IV Domenica di Quaresima – anno B

+ Dal Vangelo secondo Giovanni (3,14-21)

In quel tempo, Gesù disse a Nicodèmo:
«Come Mosè innalzò il serpente nel deserto, così bisogna che sia innalzato il Figlio dell’uomo, perché chiunque crede in lui abbia la vita eterna.
Dio infatti ha tanto amato il mondo da dare il Figlio unigenito perché chiunque crede in lui non vada perduto, ma abbia la vita eterna. Dio, infatti, non ha mandato il Figlio nel mondo per condannare il mondo, ma perché il mondo sia salvato per mezzo di lui. Chi crede in lui non è condannato; ma chi non crede è già stato condannato, perché non ha creduto nel nome dell’unigenito Figlio di Dio.
E il giudizio è questo: la luce è venuta nel mondo, ma gli uomini hanno amato più le tenebre che la luce, perché le loro opere erano malvagie. Chiunque infatti fa il male, odia la luce, e non viene alla luce perché le sue opere non vengano riprovate. Invece chi fa la verità viene verso la luce, perché appaia chiaramente che le sue opere sono state fatte in Dio».


Lectio Divina

Il brano evangelico che la liturgia di questa IV domenica di Quaresima, domenica Laetare, ci fa ascoltare è tratto dal Vangelo di Giovanni e ci riporta la parte finale del colloquio notturno di Gesù con “un uomo di nome Nicodemo, uno dei capi dei Giudei” Gv 3,1.

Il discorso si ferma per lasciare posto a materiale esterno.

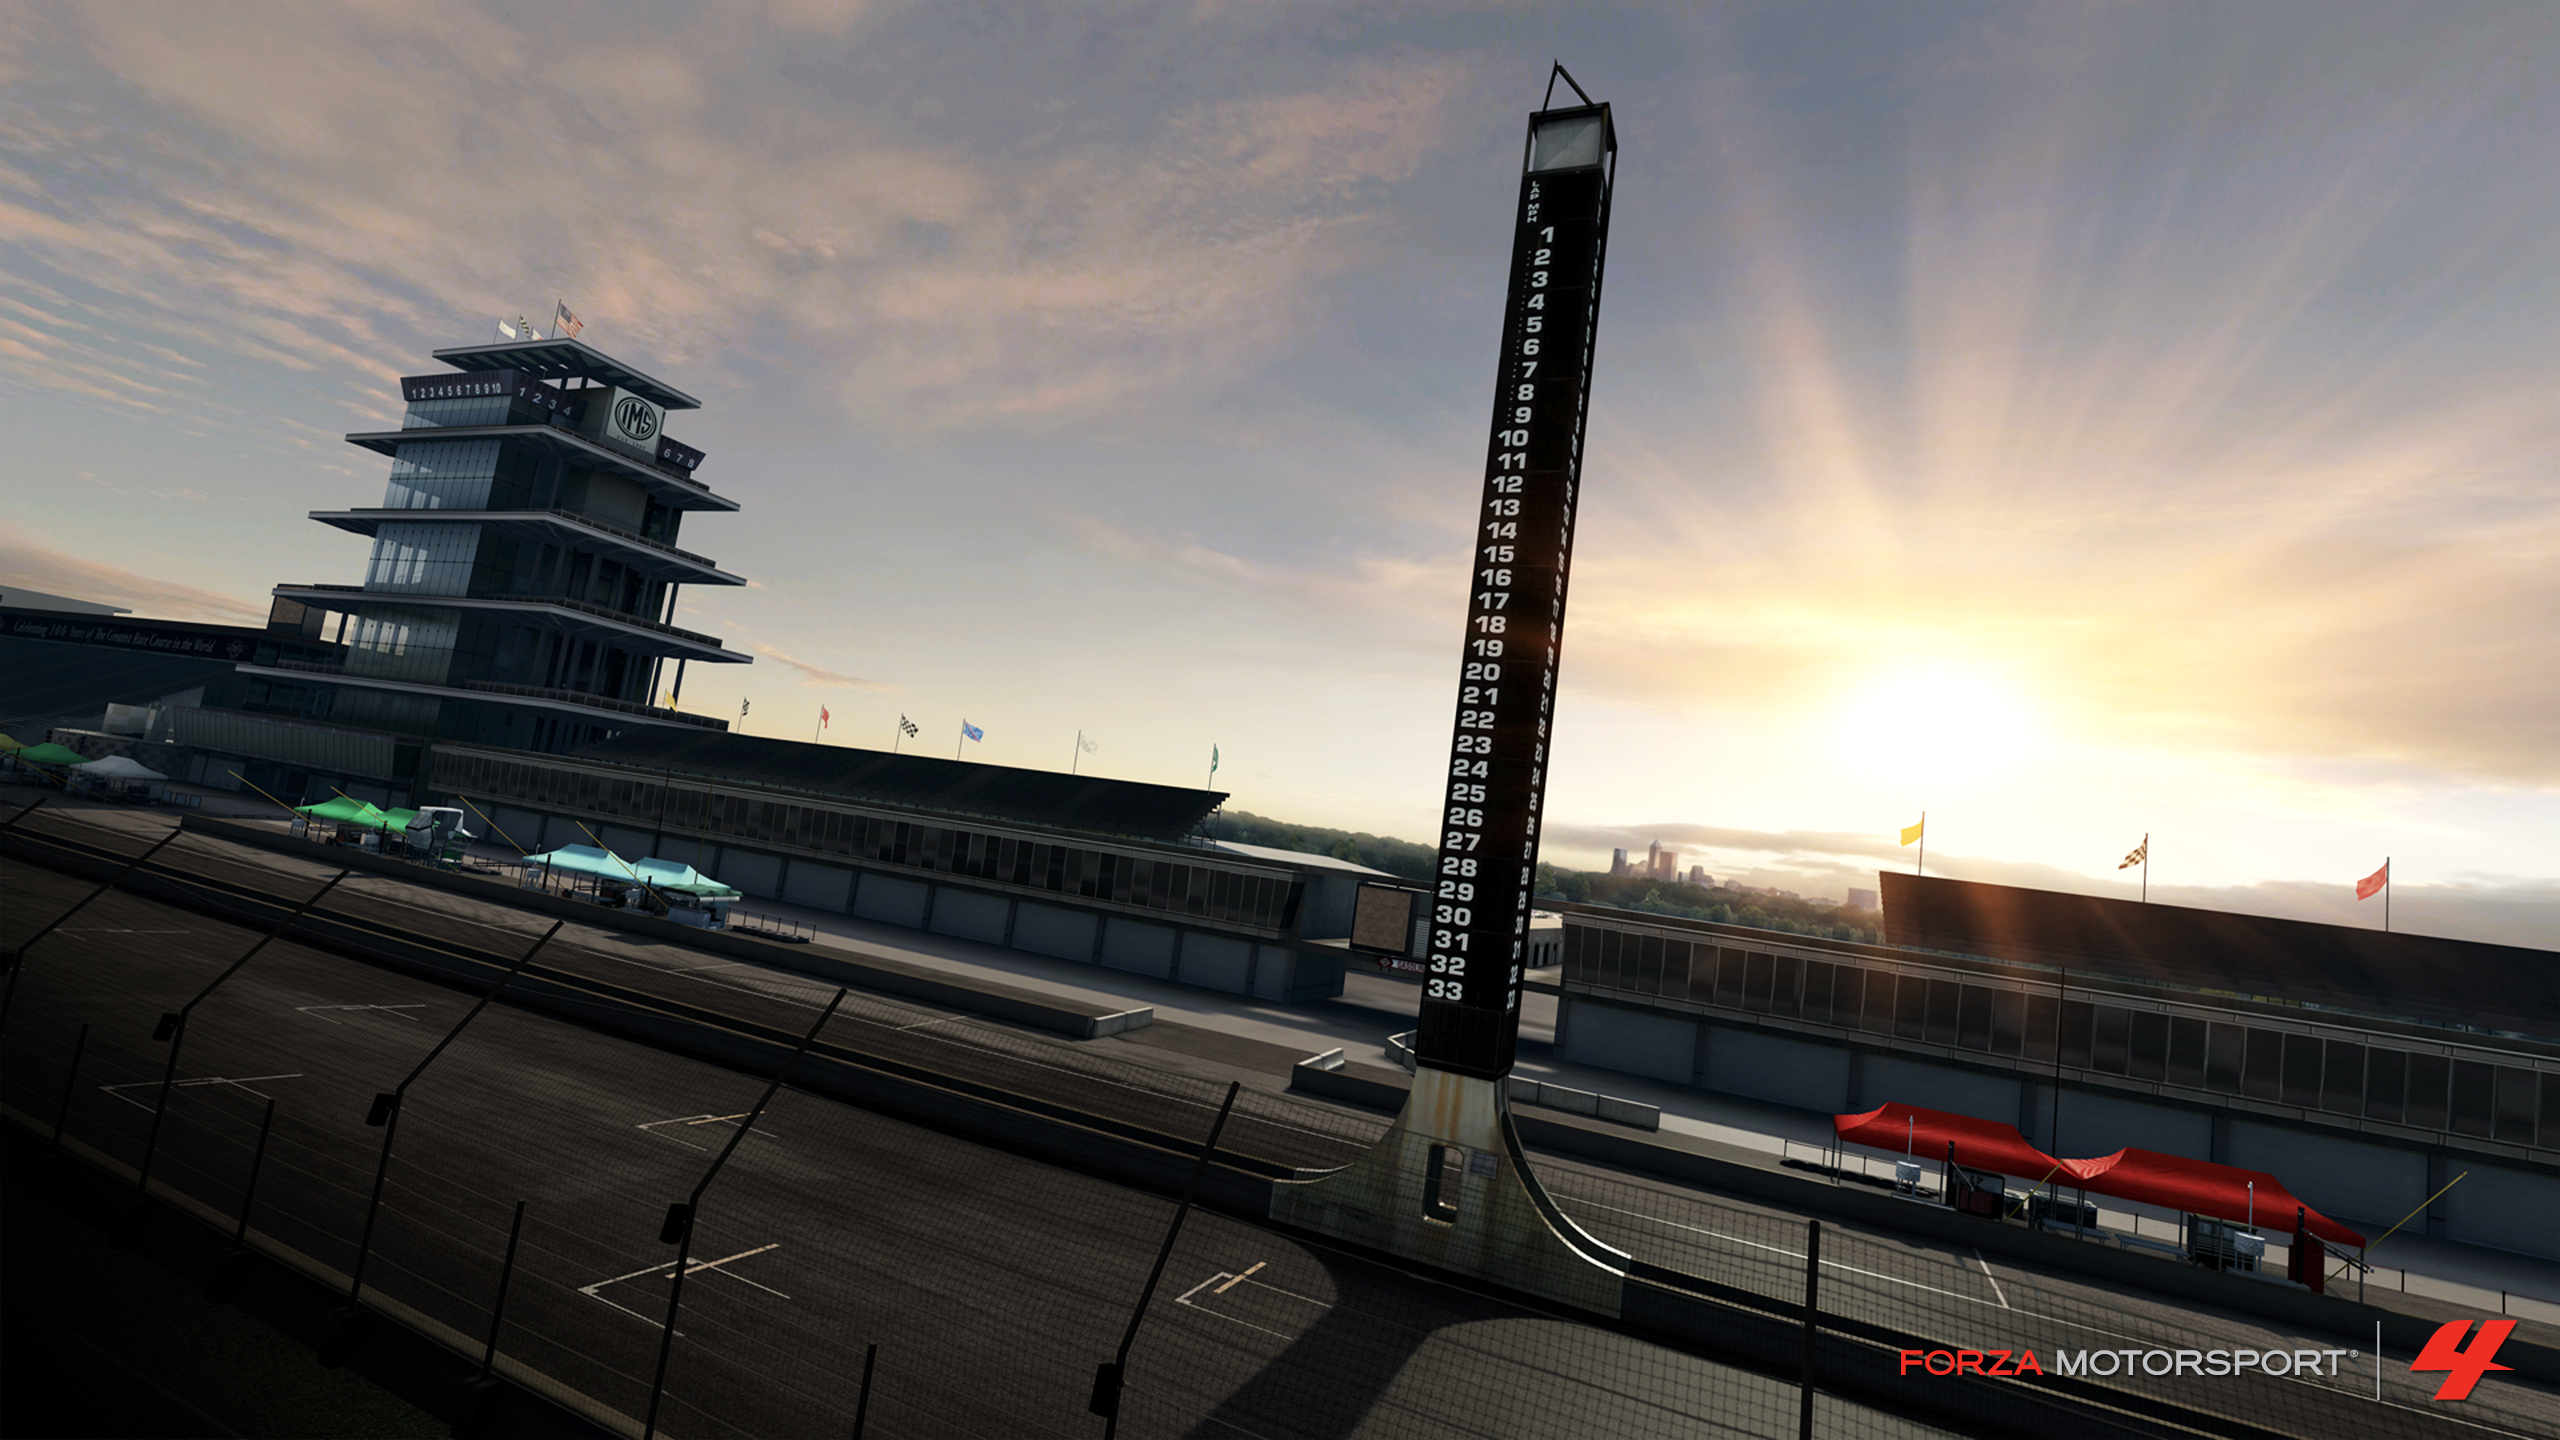 Indianapolis Motor Speedway De Forza Officialis En Image

In questo intenso dialogo Gesù, interrogato sulla sua provenienza da Dio, parla della necessità di rinascere nello Spirito, che paragonato al vento “soffia dove vuole e ne senti la voce, ma non sai da dove viene e dove va” Gv 3,8.

Gesù afferma che è solo nella realtà dello Spirito, presente nella storia, nell’esistenza umana che è possibile riconoscere ed accogliere il segno per eccellenza della presenza di Dio nel mondo che è lui: Gesù di Nazareth.

Rievocando l’evento del serpente di bronzo innalzato da Mosè nel deserto per guarire gli israeliti colpiti dai morsi dei serpenti velenosi, Gesù annuncia in simbolo la sua morte e risurrezione chiamando alla fede Nicodemo e noi che ascoltiamo la sua parola nell’oggi della liturgia.

Sappiamo dal Vangelo di Giovanni che questo uomo non si farà immediatamente discepolo del Signore ma in seguito prenderà timidamente le sue difese nel sinedrio e parteciperà alla sua sepoltura esprimendo in questo modo la sua fede nel Figlio di Dio e dell’uomo, apparso in modo così distante dalle sue aspettative messianiche.

Oggi questa figura del Figlio dell’uomo, innalzato scandalosamente sulla croce, per donare salvezza e non condanna e castigo chiama noi ad una risposta di fede.

Gesù non ci invita a dare un freddo assenso della mente o ad esprimere un passeggero moto del sentimento ma vuole coinvolgerci con tutta la nostra persona, perché, attirati dalla sua luce che ancora scaturisce e vince le tenebre del peccato e della morte, ci incamminiamo dietro a lui, diventiamo suoi discepoli e testimoni.

Lo Spirito del Signore, che Francesco e Chiara ci insegnano a desiderare e ad assecondare sopra ogni altra cosa, ci aiuti a confessare con il nostro modo di vivere:

“Noi abbiamo conosciuto e creduto l’amore che Dio ha per noi. Dio è amore.”  1Gv 4,16

E sia fiducia, gioia profonda, pace, speranza certa di salvezza e di vita piena

in noi, attorno a noi, per tutti e per tutto.